COLLECTED DATA ::

-- Opening Marker --

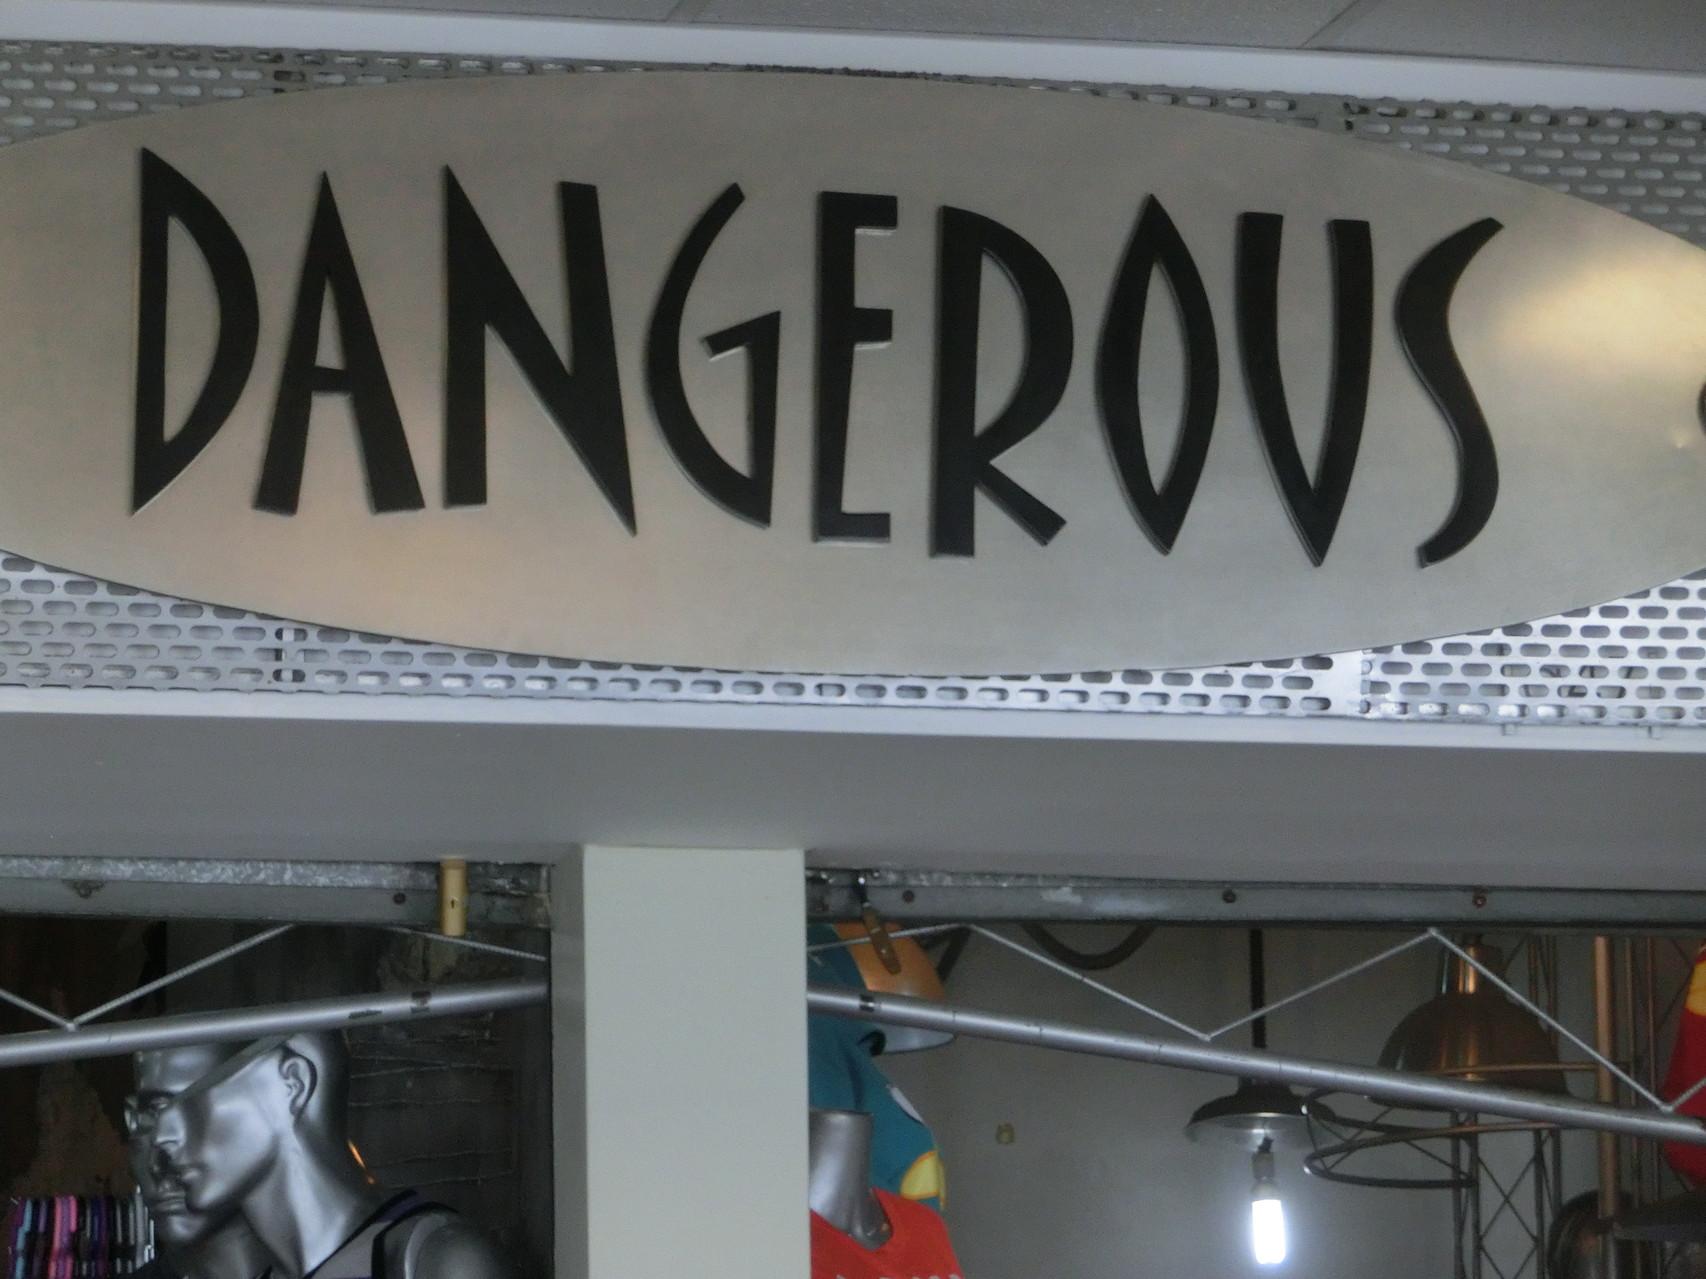 In diesem Laden zu arbeiten scheint gefährlich zu sein ...
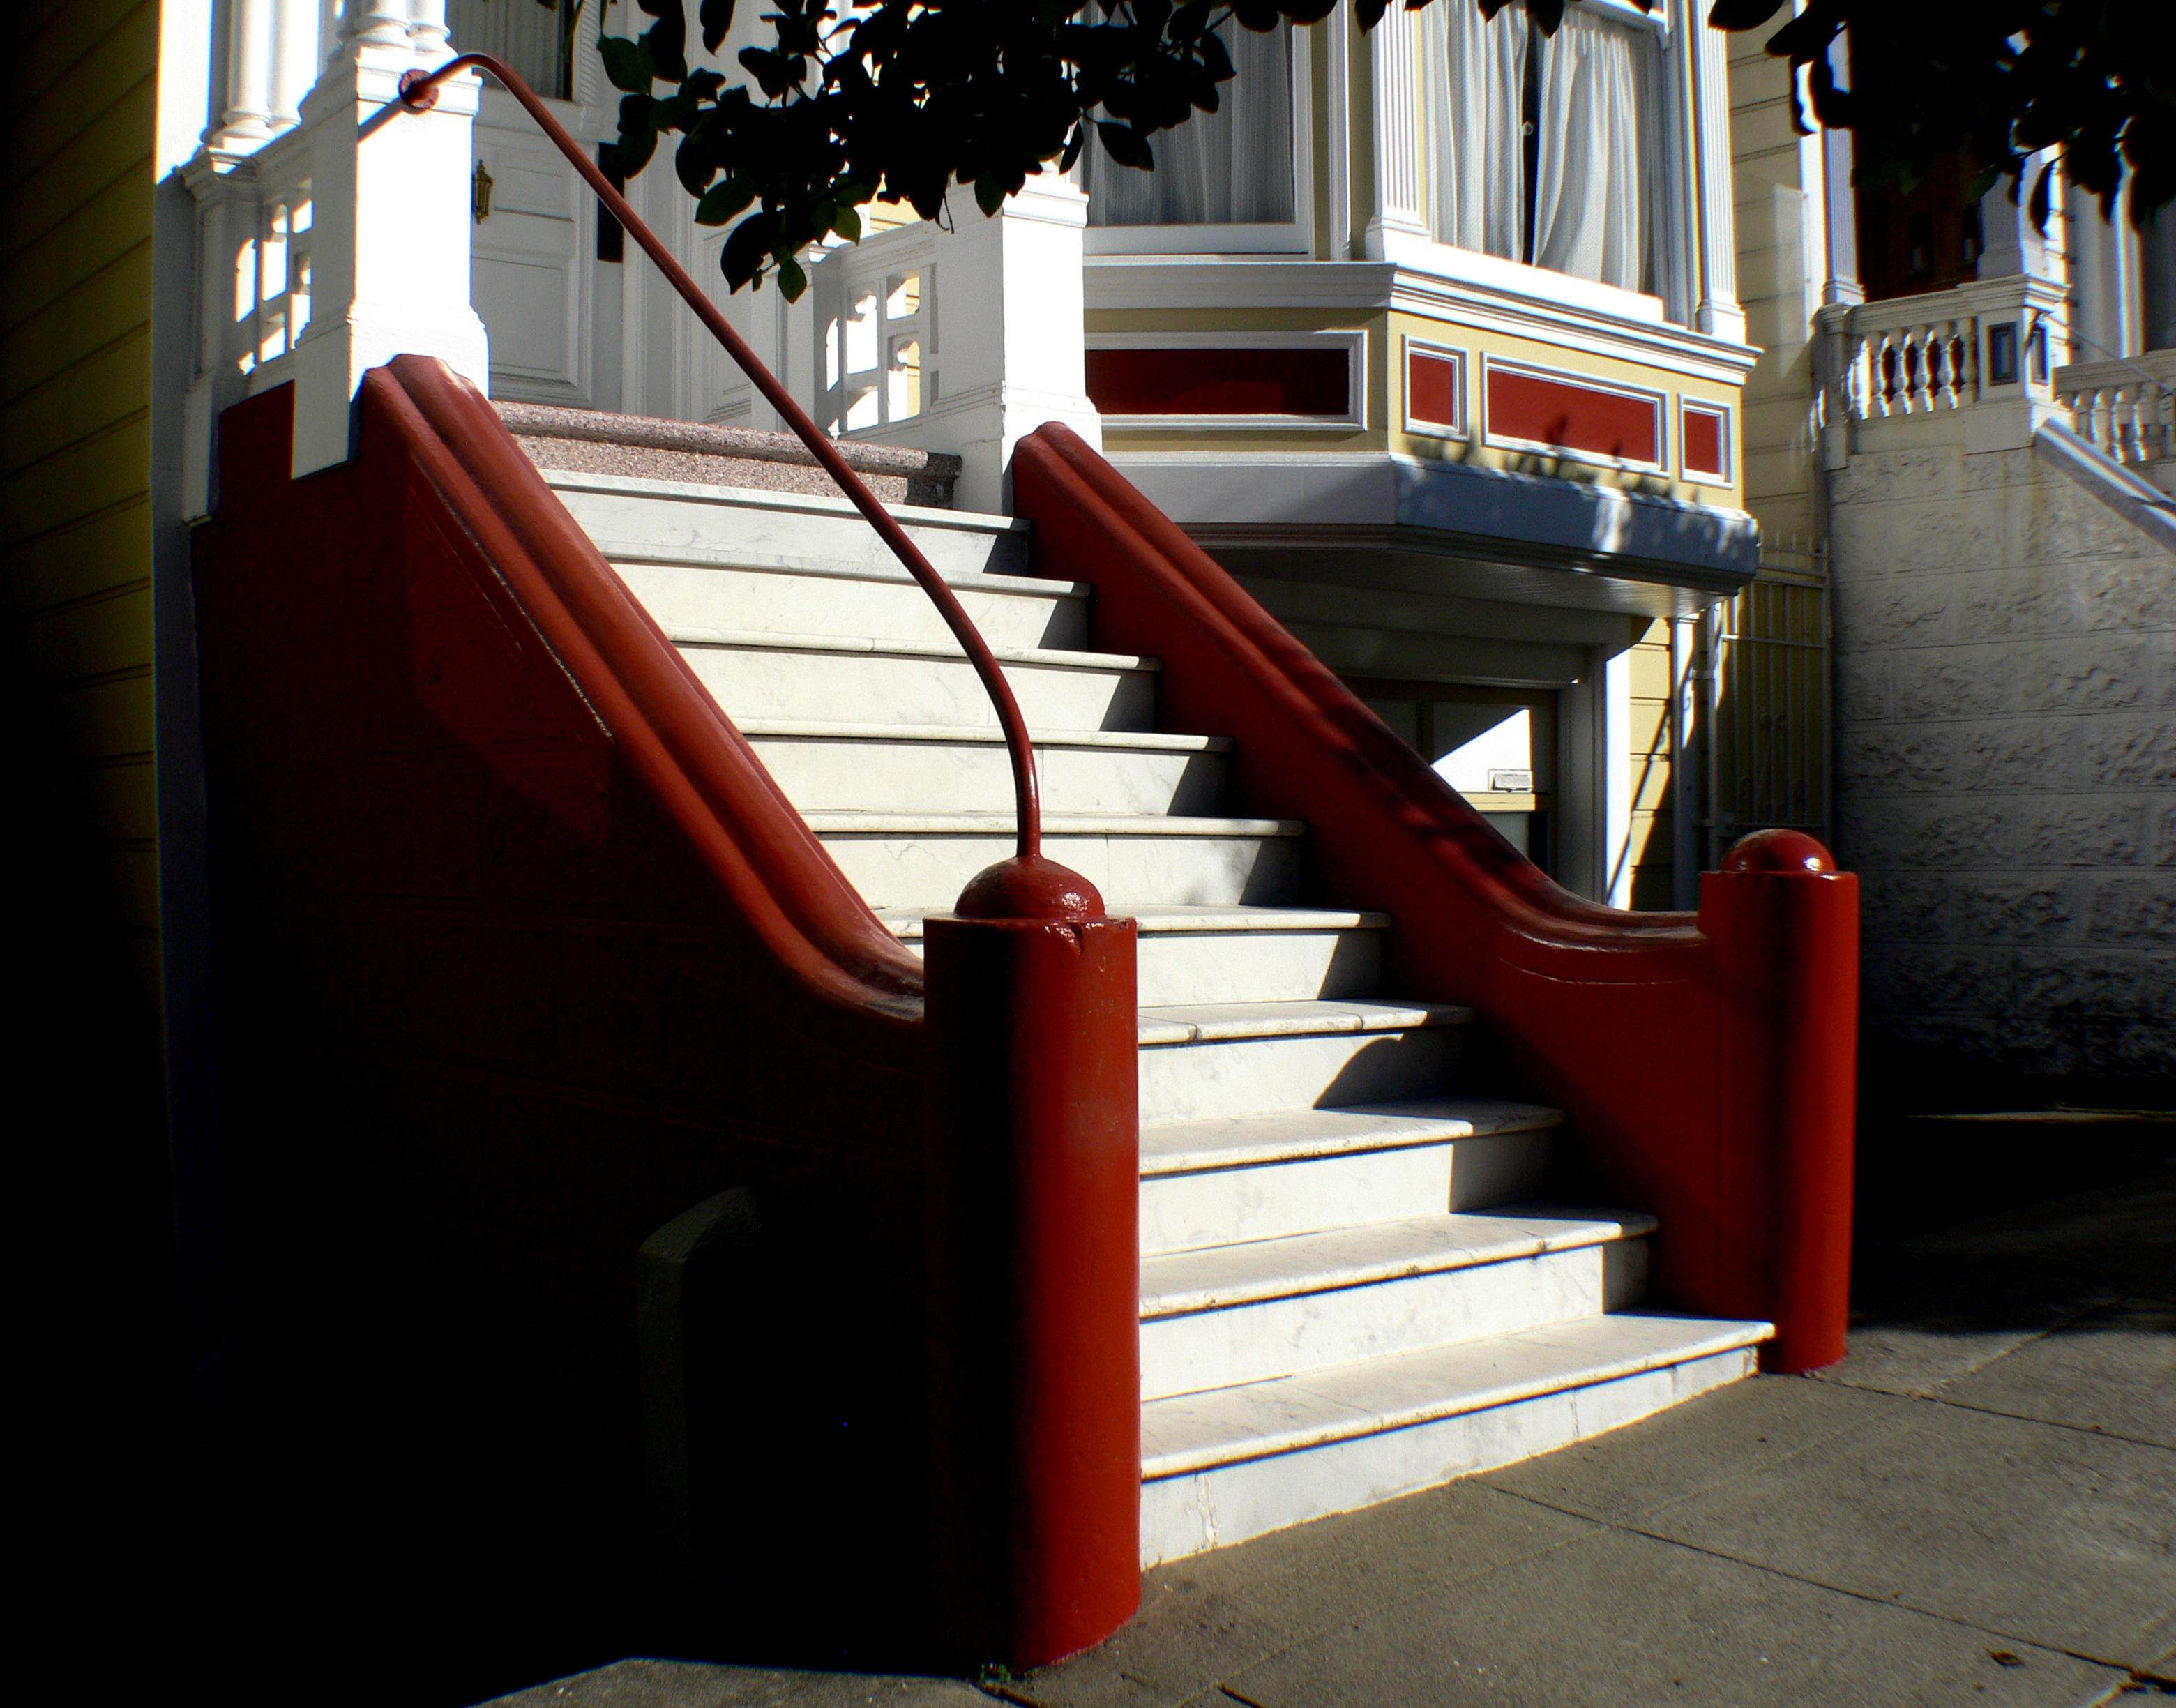 Fotos gratis : rojo, color, mueble, pretil, dominio publico, San ...
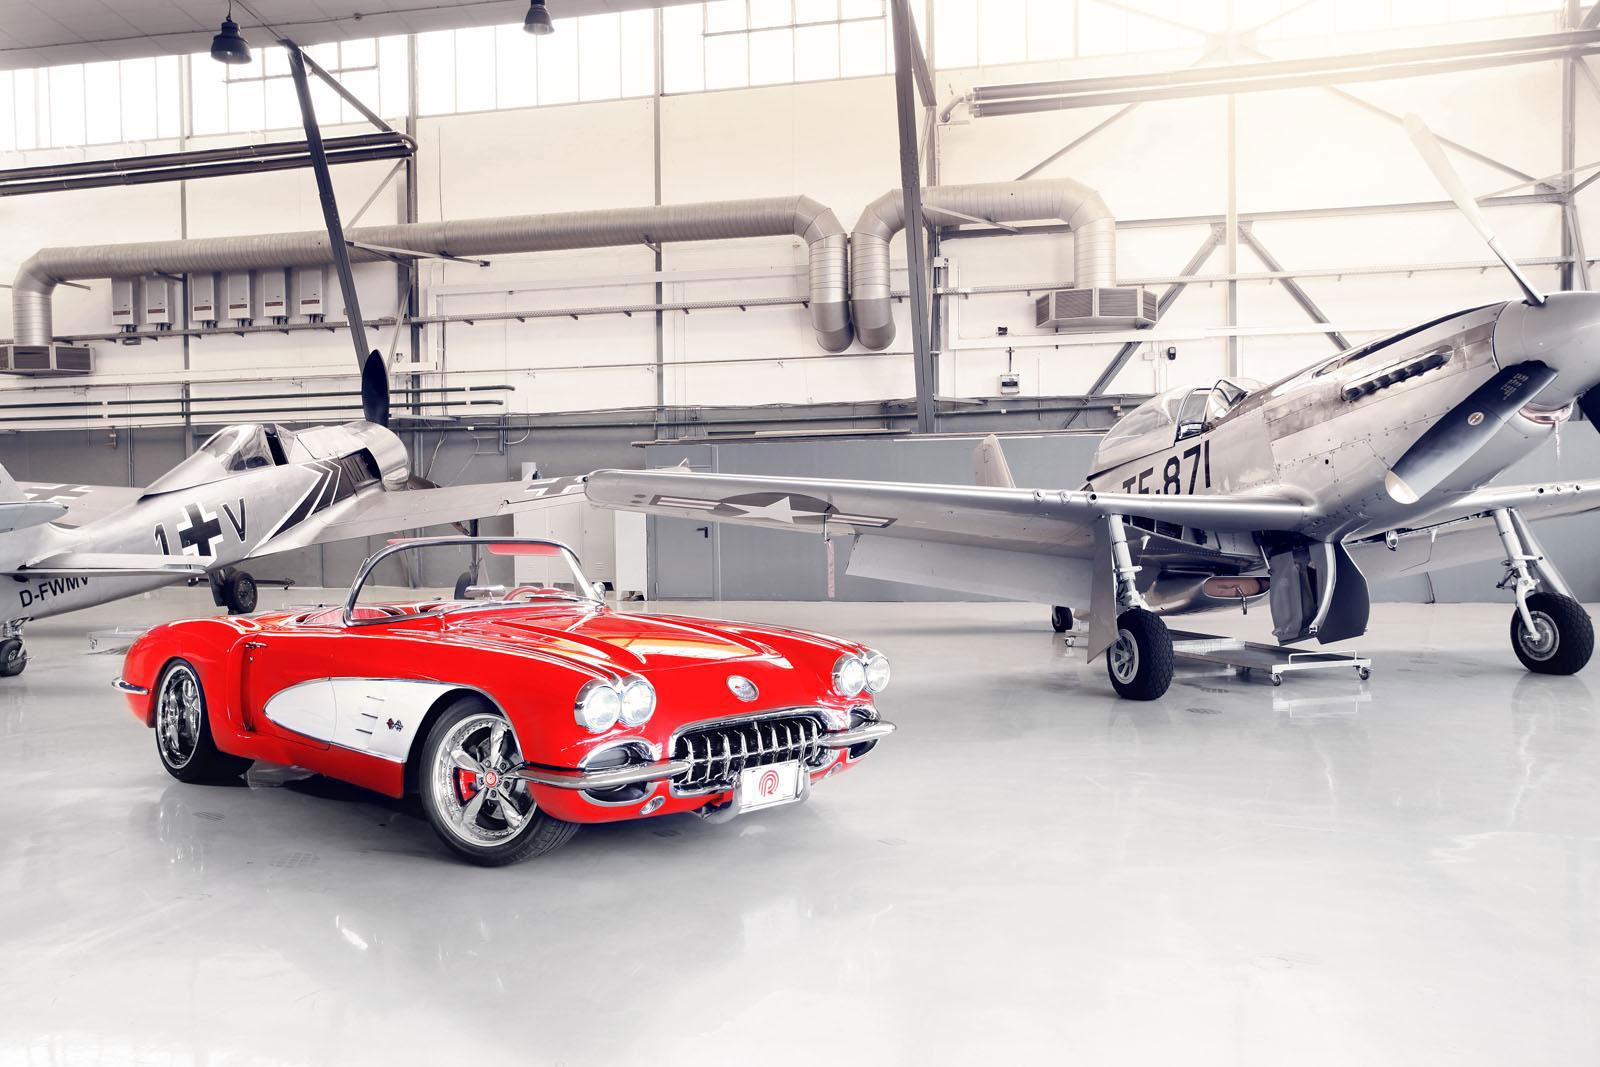 Chevrolet Corvette prošel dokonalou modernizací 5

-- Closing Marker --

EXERCISE DIRECTIONS :: From the first line to the last, please copy the data exactly, with the pictures left out.

PROBLEM SOLUTION ::
 In diesem Laden zu arbeiten scheint gefährlich zu sein ...
 Fotos gratis : rojo, color, mueble, pretil, dominio publico, San ...
 Chevrolet Corvette prošel dokonalou modernizací 5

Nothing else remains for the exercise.